The 1970s was truly the era when many of the disenfranchised who had been left out of the 1960s elite rebellion seized those options for themselves. As writer Pagan Kennedy notes in her incisive survey of the ’70s, Platforms, “While the seventies certainly produced its share of dopey Top 40 hits, the decade was also a period of rapid, bewildering upheaval in social values. Many of the political ideas proposed in the sixties did not have repercussions for mainstream America until the early seventies—however, these changes tended to happen in homes and offices rather than in the streets. For instance, while feminism grew out of the sixties’ civil rights movement, it was in the seventies that women demanded equality in the workplace. The first Earth Day was held in 1970. Civil rights came to mean more than the enfranchisement of blacks as a kaleidoscope of ethnic groups demanded power. Gay liberation, inaugurated with the Stonewall rebellion in 1969, grew to be such a powerful social force that the seventies are now synonymous with the gay-influenced disco.”
Amid noting the democratized expansion of the ’60s protest model in the ’70s, Kennedy can’t help but throw in the qualifying dig about the “share of dopey Top 40 hits.” Indeed, outside of most major North American cities, widely popular music seemed to be the one creative outlet that failed to keep pace with the groundbreaking societal changes taking place. In an era marked by the incendiary output of the critically acclaimed and commercially popular “New Hollywood” films of Scorsese, Coppola, Altman, etc., social realism or socially aware sitcoms such as All in the Family, Good Times or Maude — or mid-decade satirical fare such as Mary Hartman, Mary Hartman or Saturday Night Live — or the continued march forward of the traditionally ahead-of-the-curve mediums of literature and theatre, AM radio was largely the domain of flaccid, wholesome pop and earnest-yet-bland post-hippie warblers. Rock music was barely on the radar.
Meanwhile, over on the FM dial, rock was now a truly financially lucrative commodity in Woodstock’s fiscal afterglow, with FM radio functioning as a branding regulator for a cash-bloated and less spontaneous industry. The adventurousness of the 60s FM rock stations had been chastened, homogenized and corporatized into something more easily digestible and unthreatening. Rock’s edge and risk were gone, at least within the larger marketplace.
While I tend to find labels more of a limitation and hindrance than a useful designator, my feeling is that if there are going to be labels like “rock and roll” or “rock,” then I want a sense of adventure, abrasiveness, and sometimes a bit of chaos, or at least visceral unpredictability, to be seated prominently around that particular genre table. Wasn’t the term “rock and roll” meant as a euphemism for sex? Well, as with sex, I find much of the best rock and roll is adrenaline-fuelled and on the rough side. What was largely being proffered up as mass-market “rock” at that time was more about perceptions and symbols denoting a rebellious sheen or image, with an oft musically and socially conservative agenda underneath: a sheep in wolf’s clothing.
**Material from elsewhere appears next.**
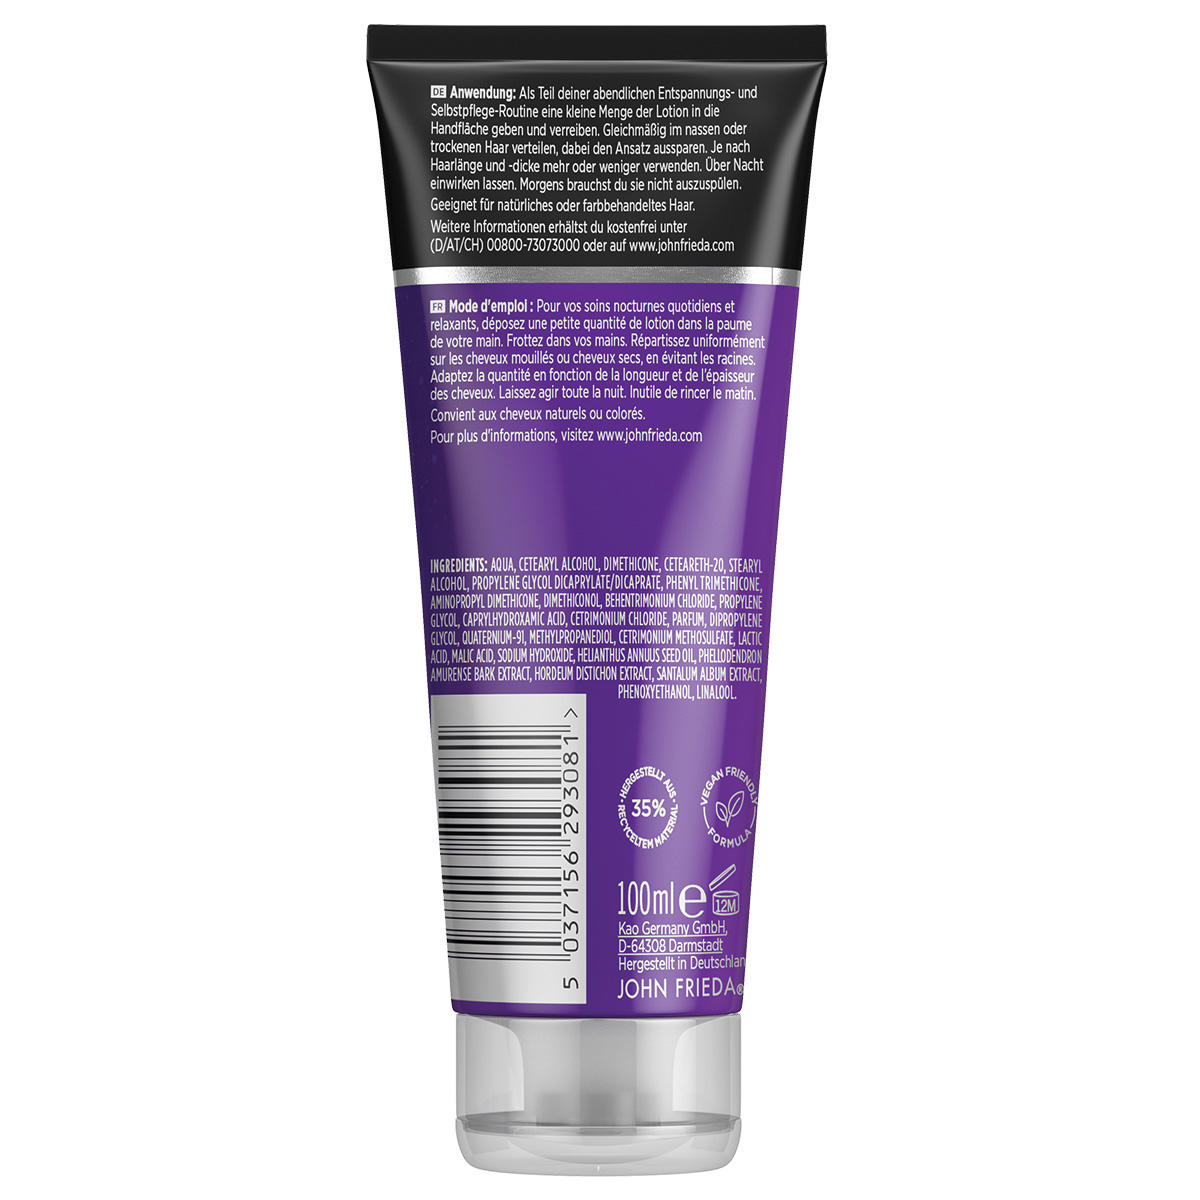 JOHN FRIEDA Frizz Ease Miracle Repair Lozione Notte Riparatrice e Rinnovatrice 100 ml - 2

That’s of course when the industry even bothered to pander, as a demographic aged and demanded a more subdued permutation of the past as a sonic balm to keep the wolves at bay in a society in turmoil. While I love, for example, Carole King’s Tapestry, those early CSN/Y albums, and mid-70s Fleetwood Mac, seeing them as sterling examples of post-rock pop and meticulous tunesmithing in a good sense, when that stuff is being held up as the epitome of what “rock and roll” is all about, good heavens, it’s over.
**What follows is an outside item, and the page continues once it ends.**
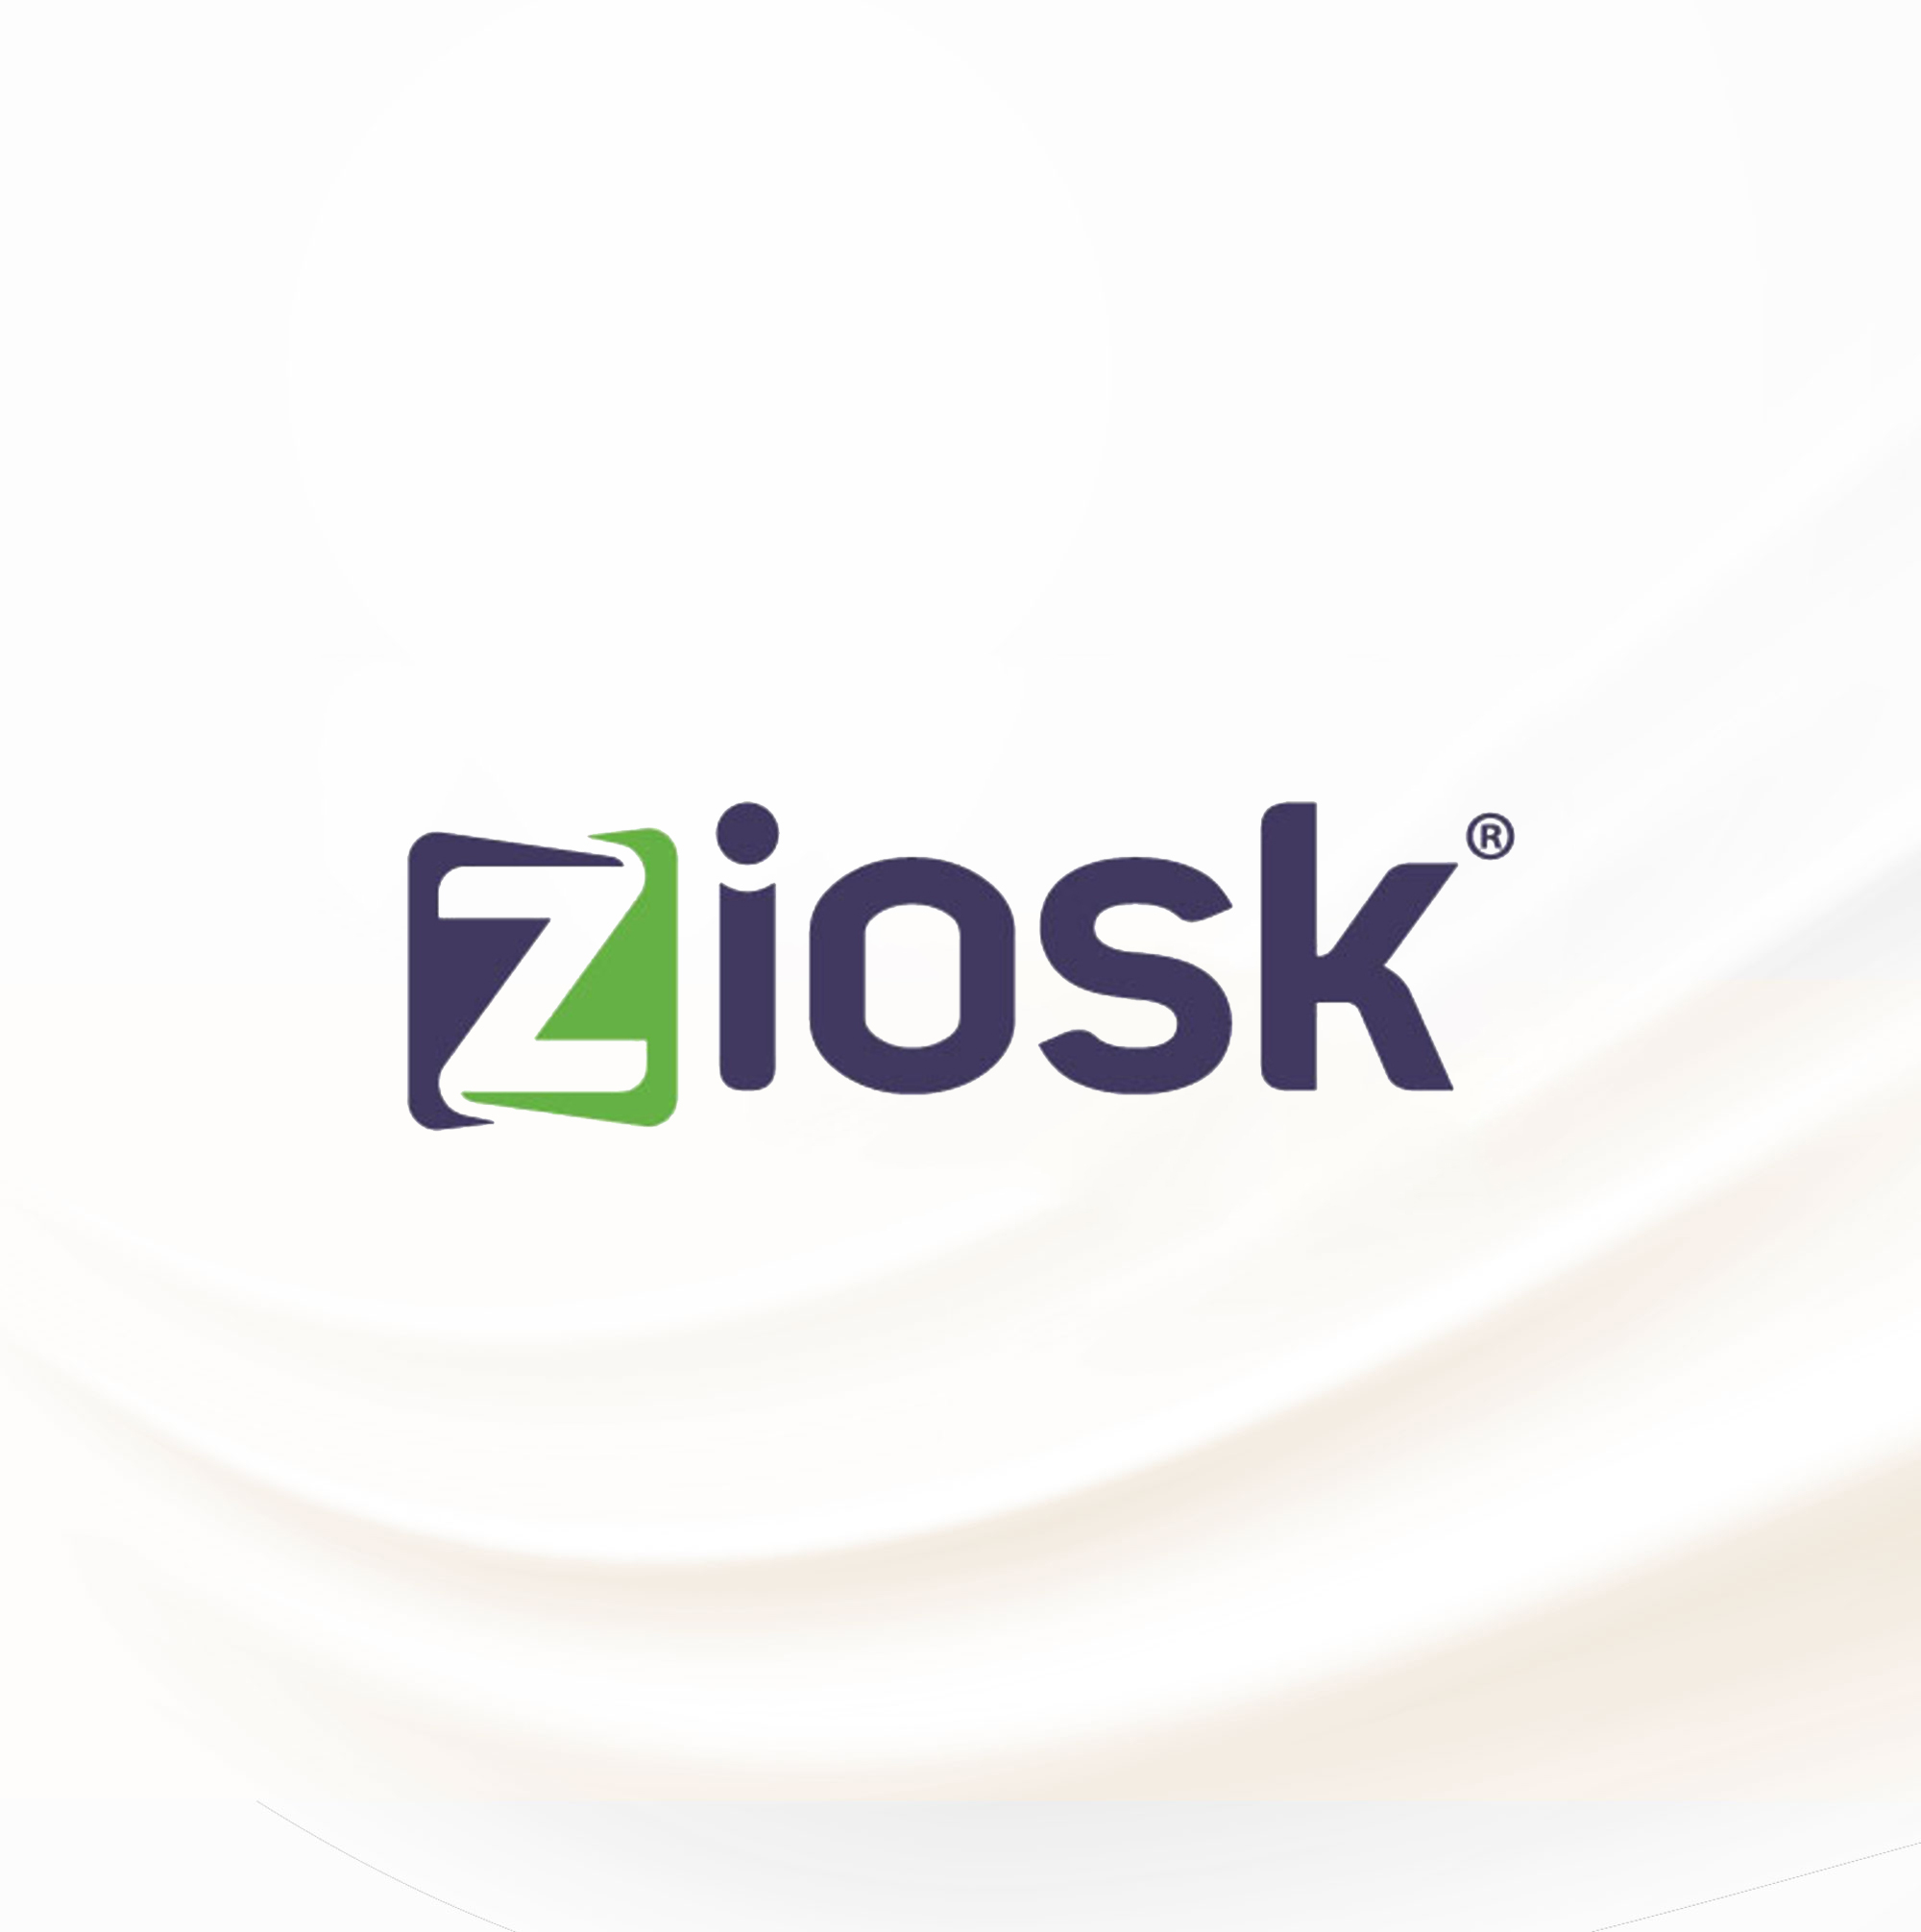 Game Play Network To Explore B2c Expansion On The Ziosk Platform

Neither lean nor mean were anywhere on offer within either of the radio options, each in its own way working diligently to de-fang rock music. And part of the de-fanging included the expunging of those pesky outsiders, weirdos and eccentrics of many stripes who didn’t want to play nice with the tame ducks.
And I am one of those outsiders the R&R Corporation Inc. sought to deep-six in the MOR-ization of rock culture. I was the quarry.
Wham Bam, Thank You Glam! It’s 1973: Some of my glittering favourites that I was listening to during’73-early ’74: Aladdin Sane, David Bowie; New York Dolls; For Your Pleasure, Roxy Music; Mott Mott the Hoople; Transformer, Lou Reed; Suzi Quatro (click on each title to hear a track from the album). With the exception of the Quatro album, each one of these still gets regular airings ’round my place.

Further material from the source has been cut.